Hope this is not too prickly of a topic to raise again.  I've skimmed this thread and several others and I think I understand the motivation and intent of the X16 project to keep to a fairly pure 8-bit 80's experience.  I hope to support it myself with some programming work at least. Best wishes to all!

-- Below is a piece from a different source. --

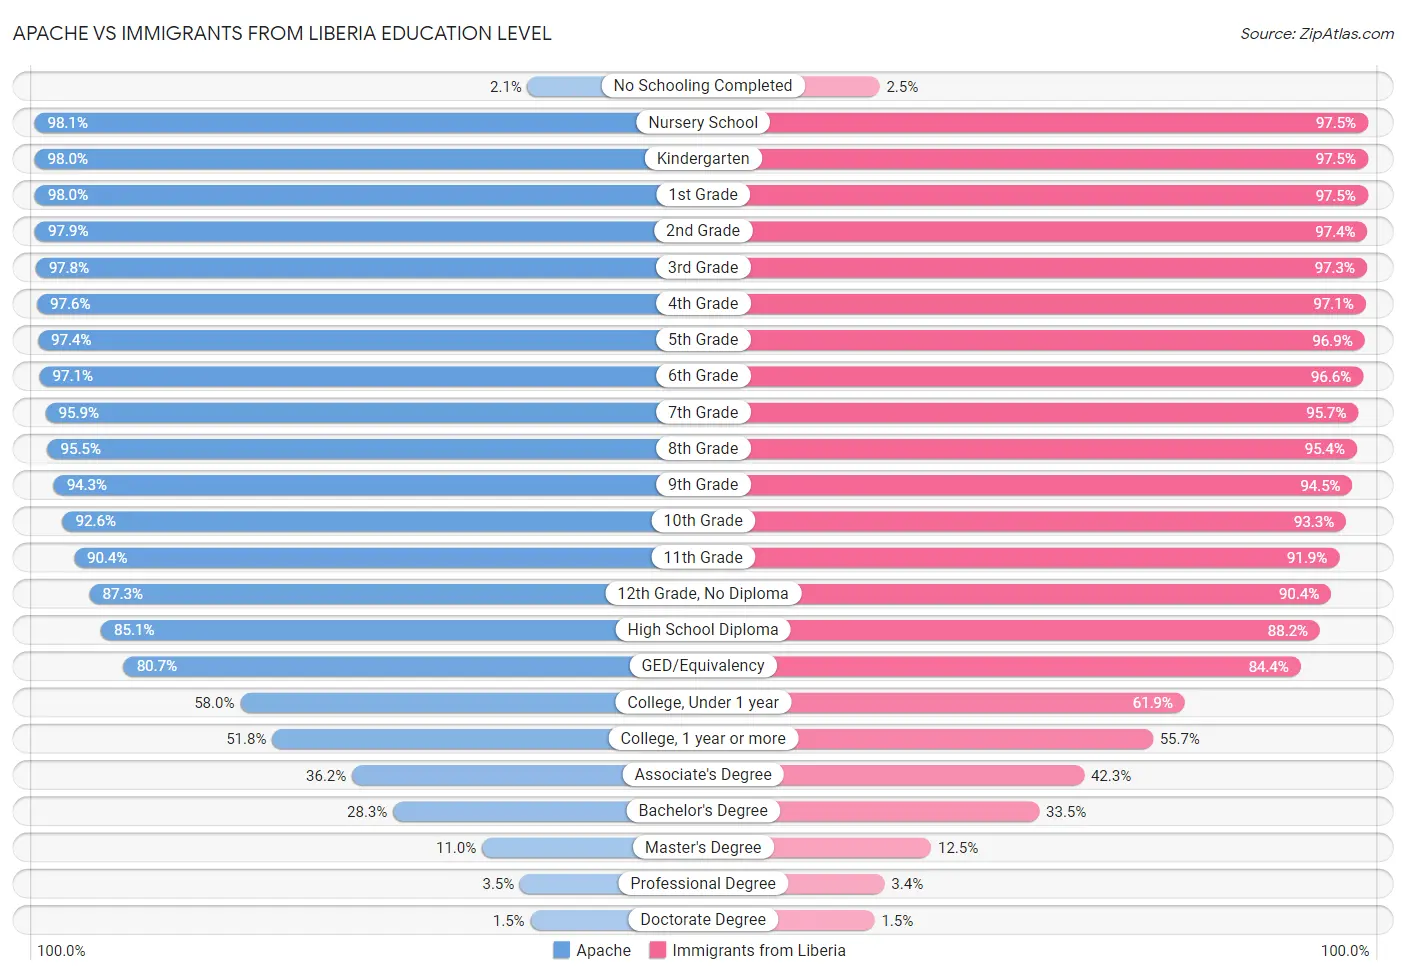 Apache vs Immigrants from Liberia Education Level

The dev team hasn't, to my knowledge, officially stated what the VERA's FPGA is, but the only device that seems to tick all the right boxes is the Lattice iCE40 UltraPlus. That product does have 4 or 8 DSP blocks (depending on whether it's a 3K or 5K part), but the blocks are fairly simple and, if I'm skim-reading the datasheet correctly, only has a 16x16 bit integer multiplier and 32 bit accumulator. Some (or all) of those may already be used by the PCM and PSG functions.

[Frank van den Hoef]

The dev team hasn't, to my knowledge, officially stated what the VERA's FPGA is, but the only device that seems to tick all the right boxes is the Lattice iCE40 UltraPlus. That product does have 4 or 8 DSP blocks (depending on whether it's a 3K or 5K part), but the blocks are fairly simple and, if I'm skim-reading the datasheet correctly, only has a 16x16 bit integer multiplier and 32 bit accumulator. Some (or all) of those may already be used by the PCM and PSG functions.

The FPGA is indeed a Lattice iCE40 UltraPlus 5K. If I remember correctly it is about 85% filled up. The VERA design has been finalized for about a year now. So yes, all the VERA specs are quite final.